Walk though Weak

I Corinthians 1:18-31; John 12:20-36

Today’s Gospel passage begins with these words: “Among those who went up to worship at the festival were some Greeks.”

Just three hundred years before this time, Alexander the Great, a Greek, had conquered the entire known world. But now—now!—they were mostly slaves and freedmen under the authoritarian hand of the ruling Romans. The Greeks, the insiders, had become outsiders and outcasts. They lost the lives that they had once loved. They once were strong; now they were weak.

So some Greeks, who had gone up to worship at the festival—which festival? the Passover!—wanted to meet Jesus. They saw Philip, one of Jesus’s followers, and told him, who then told Andrew; and Andrew and Philip went and told Jesus about it.

Jesus then responds with some very telling words.

For these weak Greeks, who had died to their old lives, were really very much like many of the Jews. Like the Greeks, the common Jewish multitudes had an extremely rich heritage. But, like the Greeks, they now had to live under the authoritarian hand of the Roman rulers. They were outsiders and outcasts. Like the Greeks, they had lost the lives they once loved. They were now weak.

And Jesus responds to this with some words about resurrection:

Unless a grain of wheat falls into the earth and dies, it remains just a single grain; but if it dies, it bears much fruit. Those who love their life lose it, and those who hate their life in this world will keep it for eternal life.

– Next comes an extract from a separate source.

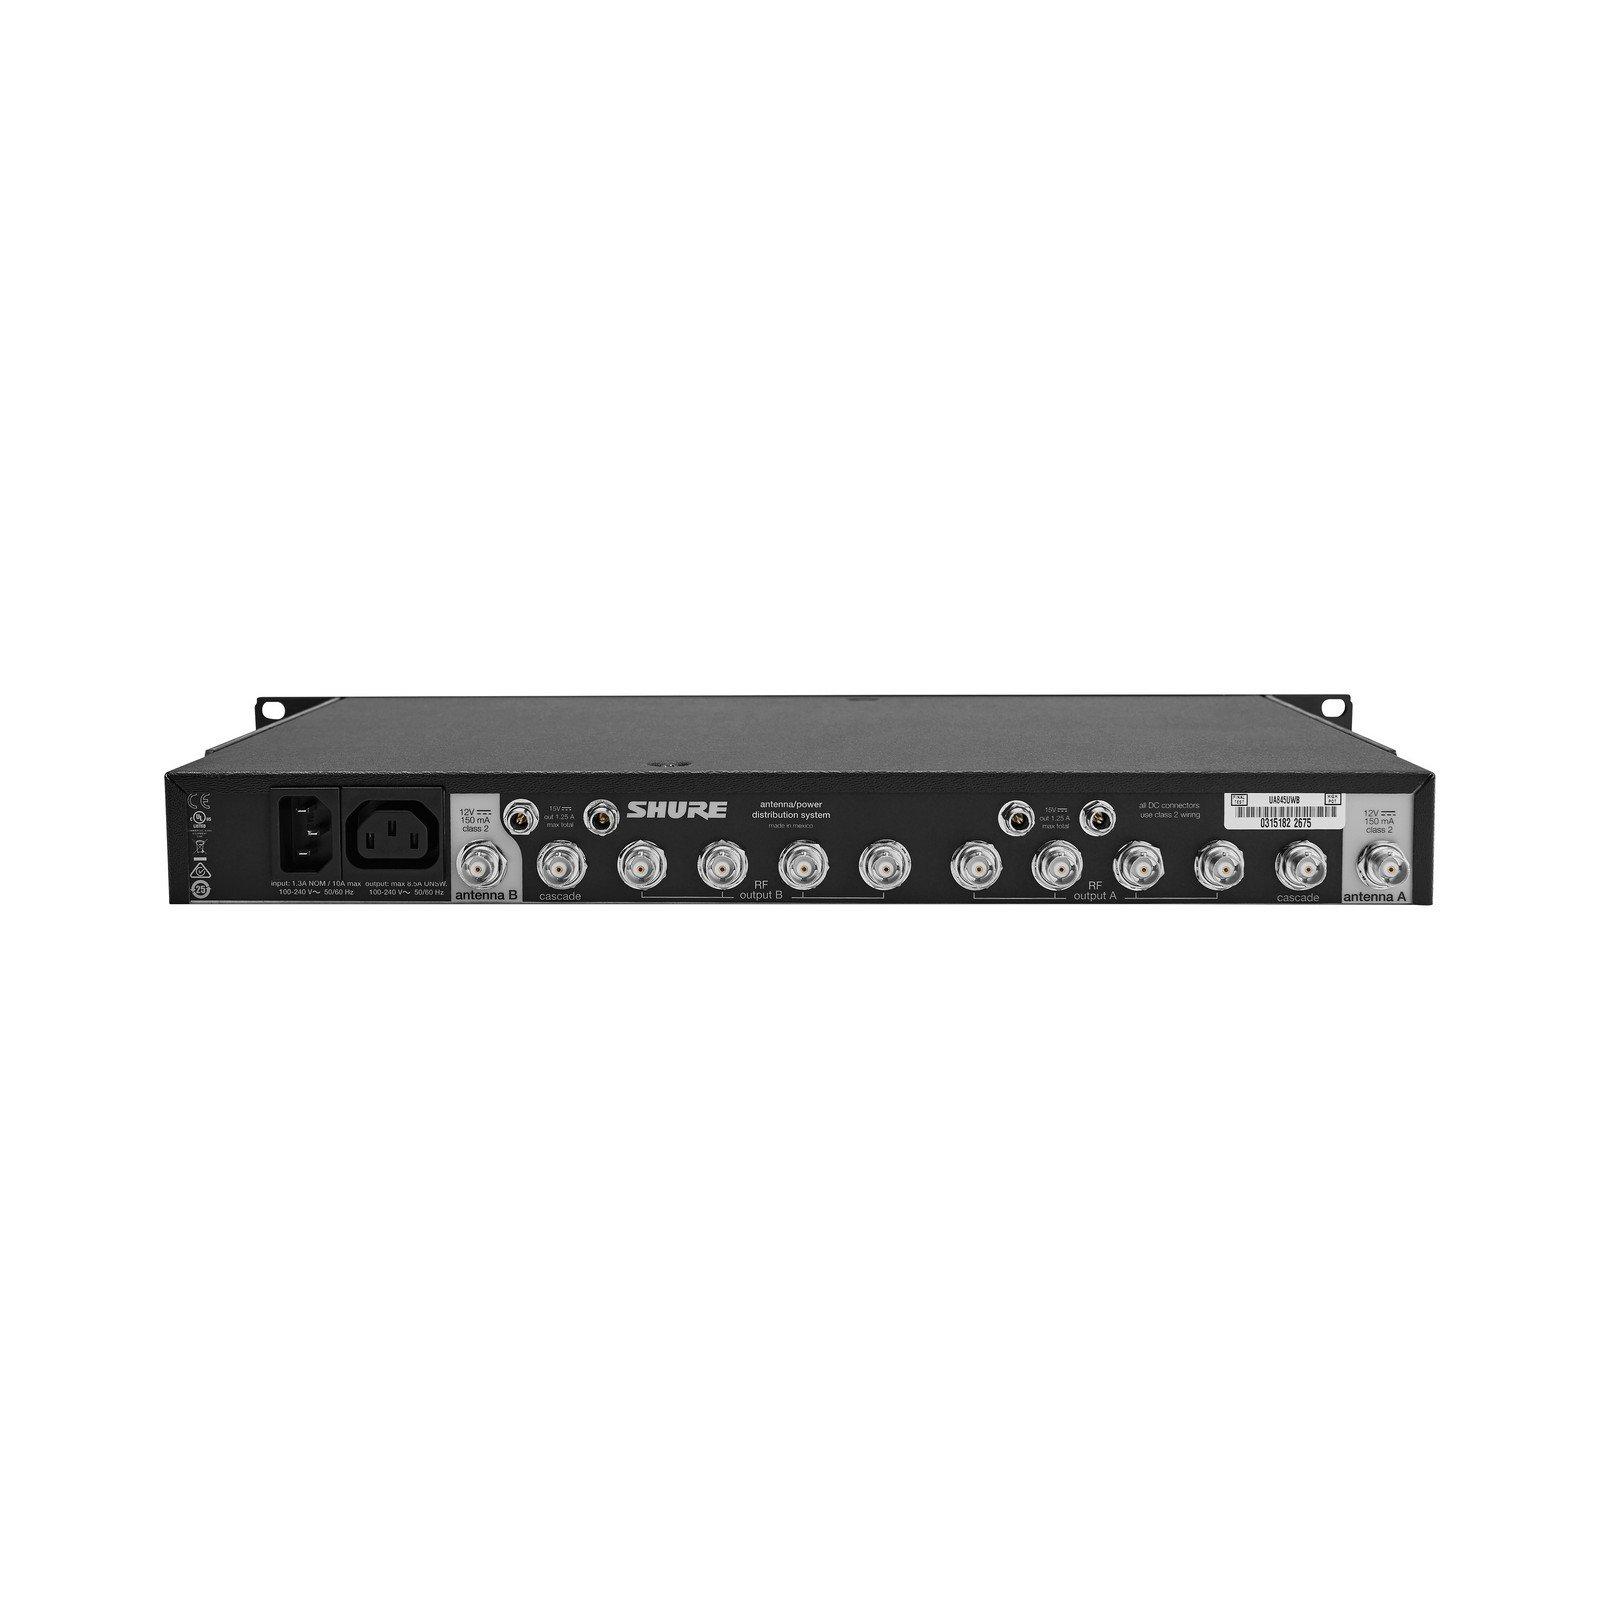 Shure UA845-UWB | Five Way Active Antenna Splitter Power Distributor by Shure (Image #1)

So that’s from today’s Gospel. Now let’s turn to the epistle, today’s other reading; for it offers something of an explanation to the Gospel passage:

The message about the cross is foolishness to those who are perishing, but to us who are being saved it is the power of God.

The crucified Christ is something of a paradox.

Christ, God incarnate in the man Jesus, was actually executed in a brutal, bloody, base manner.  Yet Christ as God is the creator of all the universe, the creator and sustainer of the very human instruments that tortured and executed him.  How can this be?

Christ crucified is “a stumbling block to the Jews and foolishness to the Gentiles.”  Nevertheless, this apparent paradox is the wisdom of God.

But this is not the only paradox in God.  Paul talks of God’s foolishness—as if such a concept could even be possible!  Yet even if there were such a thing it would be wiser than the highest human wisdom.  Also, there’s God’s weakness.  Is such a thing even possible?  Well, if it is, even it is stronger than any and all human strength!

In fact—and here’s Paul’s main point—God has chosen the weak in the world to shame the strong; and the foolish to shame the wise.

In God’s economy–not the world’s; not Rome’s–the weak shall prevail over the strong. There will be no slave or free, male or female, wealthy or poor; the first shall be last and the last shall be first.

This is what new life in Christ looks like!

Now put it together.

Weakness is all around us. Do you know that today marks the one-year anniversary of the bombing at the Boston Marathon? This year also marks the twenty-fifth anniversary of the standoff at Tiananmen Square. And we all know what happened to the man Jesus nearly two thousand years ago! At times we want to cry out, “Why is there so much evil in the world?”

But it is in just such times of weakness that the light of Christ shines brightest. It never fails to amaze me how a tragedy always becomes the bugle call to raise an army of mercy and grace. Heroes emerge from the rubble. Humanity is roused to do good once again. Hope in Christ prevails.

Isn’t this a paradox?

Let’s bring it to a personal level. We all experience times of weakness. These could be internal, matters of conscience; these could be interpersonal, matters of relationship; or these could be external, like a social issue. It doesn’t really matter. Point is, these are times of struggle for all of us. We stumble under the weight of it all with a heavy heart.

But we live in a new age, an age of paradox, an age when great strength is to be found in our weakness.

The trouble, I know, is how to access this strength. How do we find it, especially when we feel so weak?

I think you know the answer: we walk.

We’re tired, yes. But we must keep walking! It’s already Holy Tuesday: Lent is almost over! Keep walking. We keep going on the journey; we keep praying; we keep reading the Bible; we keep studying; we keep worshiping; we keep going with Christ. Yes, we may not always feel it. But it’s right here: the light of Christ, our strength in weakness, is right here!